Starting early has its advantages

State contributions

When you participate in the ORP, the state automatically makes a contribution for you.  Effective, July 1, 2012, your employer contribution was reduced to 5.14% of compensation.  That percentage is in accordance with Section 121.35(4), Florida Statutes.

Employee mandatory contributions

ORP participants must continue to contribute 3% of compensation as retirement contributions, on a pre-tax basis.  Your employer will automatically deduct the employee contributions.  

Voluntary contributions

You may supplement your employer contributions by making pretax contributions to your voluntary ORP account. Employees may contribute by salary reduction an amount not to exceed the percentage contributed by the university (currently 5.14%). Additionally, the Internal Revenue Code (IRC) limits your employee contribution (see IRS contribution limit below). 

2025 contribution limit

Your contribution limit for 2025 is $23,500.

Voluntary catch-up contributions

You may also be eligible to contribute additional catch-up contributions if you meet the following conditions. Please consult with your financial professional to discuss your personal voluntary contribution limit.

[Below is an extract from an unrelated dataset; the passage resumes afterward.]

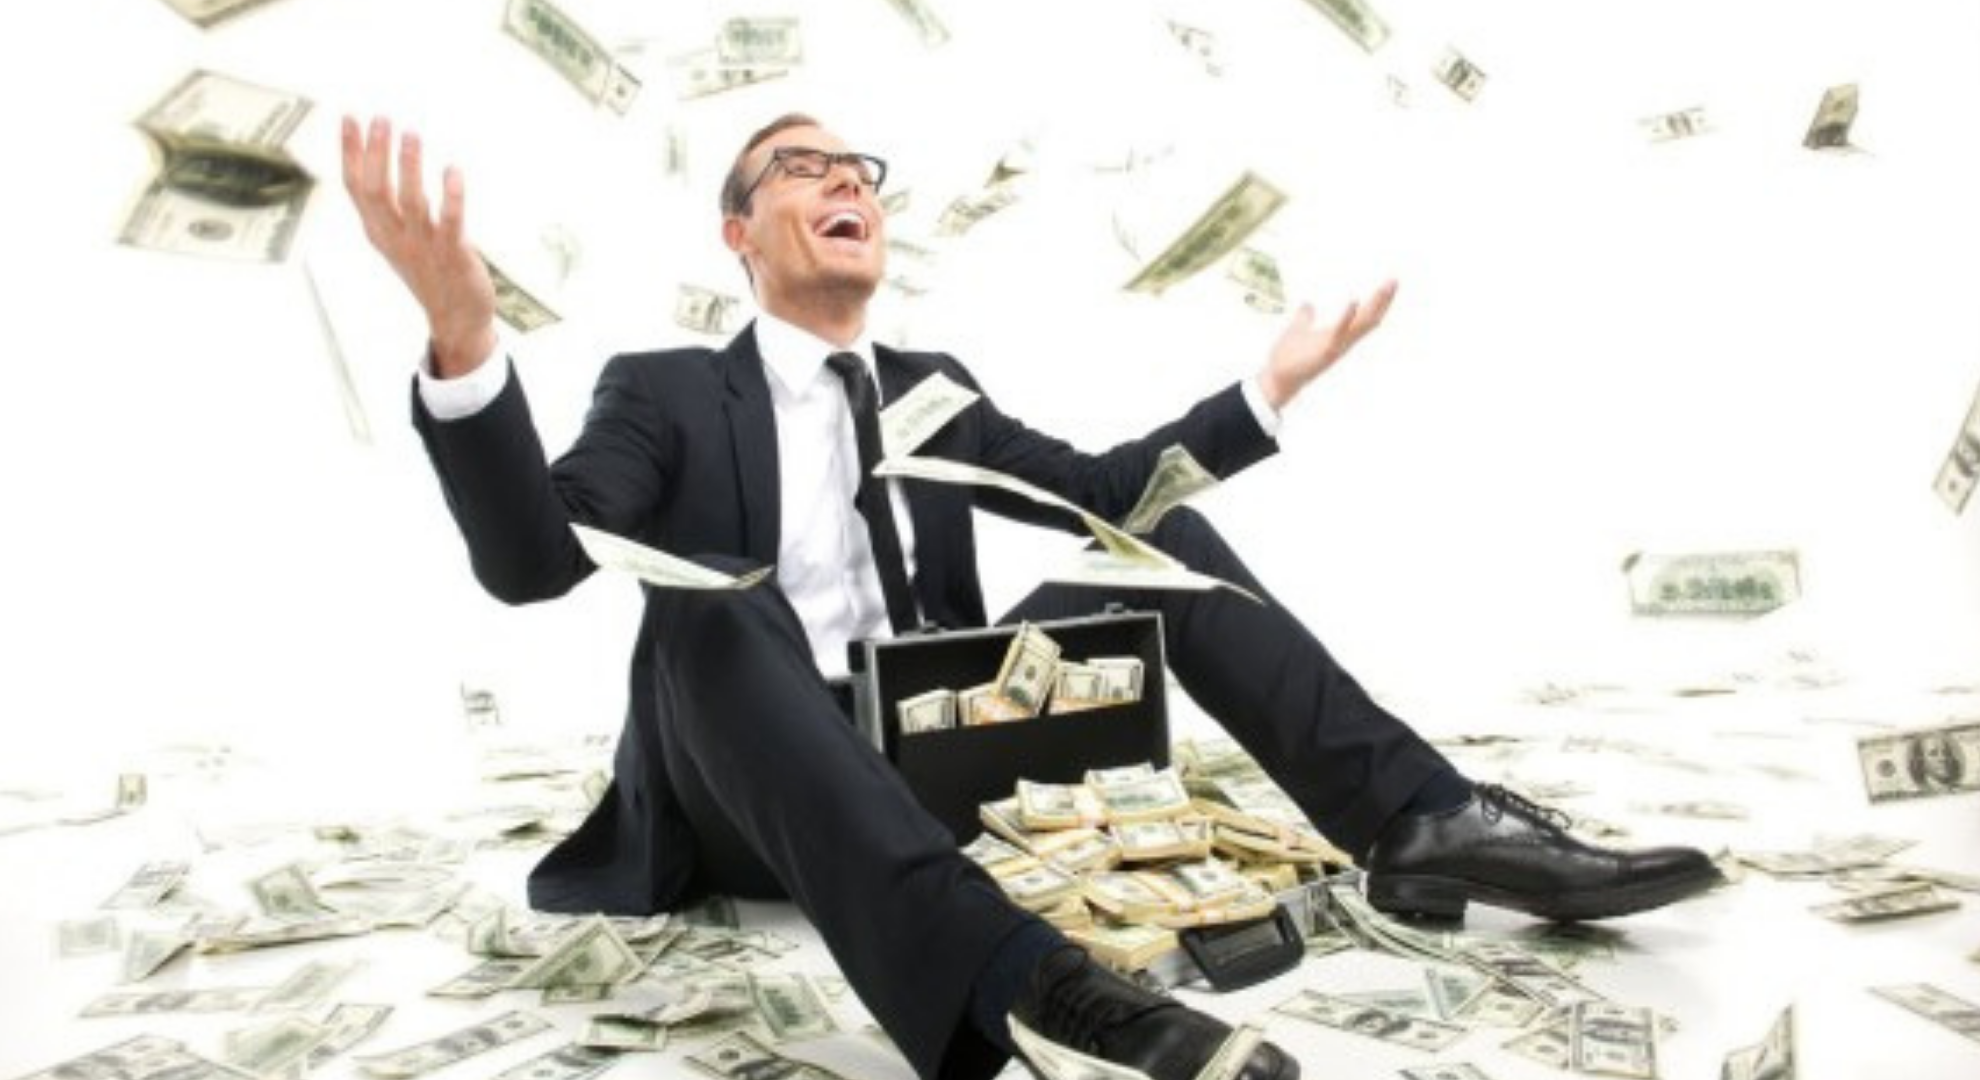 【貯金】年収1000万あればどんな生活が出来る?【税金】

2025 catch - up contributions

> An additional $3,000 if you have 15 more years of service and have undercontributed in prior years, and 

> An additional $7,500 if you are age 50 or older.

Vesting

Vesting is a participant’s right of ownership to the money in his or her plan account. You are always 100% vested in contributions made to the plan, plus any earnings they generate.

Accessing your money before retirement

Withdrawals

Your plan was established to encourage long-term savings, so withdrawals prior to age 59½ might be subject to federal restrictions and a 10% federal tax penalty. 

Generally, depending on your employer’s plan provisions, you may withdraw your vested account balance after you have been separated from service for 3 calendar months if you meet one of the following requirements: 

  • Early retirement (after age 55) or separation from service 
  • Your death or total disability

In addition, the Internal Revenue Service (IRS) requires you to take Required Minimum Distribution (RMD) withdrawals from your retirement account(s) annually beginning the year you reach the RMD eligible age. RMD eligible age is:

  • Age 73 if you were born January 1, 1951, or later (The RMD eligible age will increase to age 75 after December 31, 2032)
  • Age 72 if you were born after June 30, 1949, and before January 1, 1951 (For individuals turning age 72 in 2023, no RMD payment is required in 2023)
  • Age 70 ½ if you were born before July 1, 1949.

Please be sure to check with the State’s ORP office to understand potential restrictions before withdrawing money from your ORP account.

Important considerations before deciding to move funds either into or out of a Corebridge Retirement Services account
There are many things to consider. For starters, you will want to carefully review and compare your existing account and the new account, including: fees and charges; guarantees and benefits; and, any limitations under either of the accounts. Also, you will want to know whether a surrender of your current account could result in charges. Your financial professional can help you review these and other important considerations. Consult a tax professional before making a decision to move funds either into or out of a Corebridge account.

Loans

Loans are not permitted in the plan.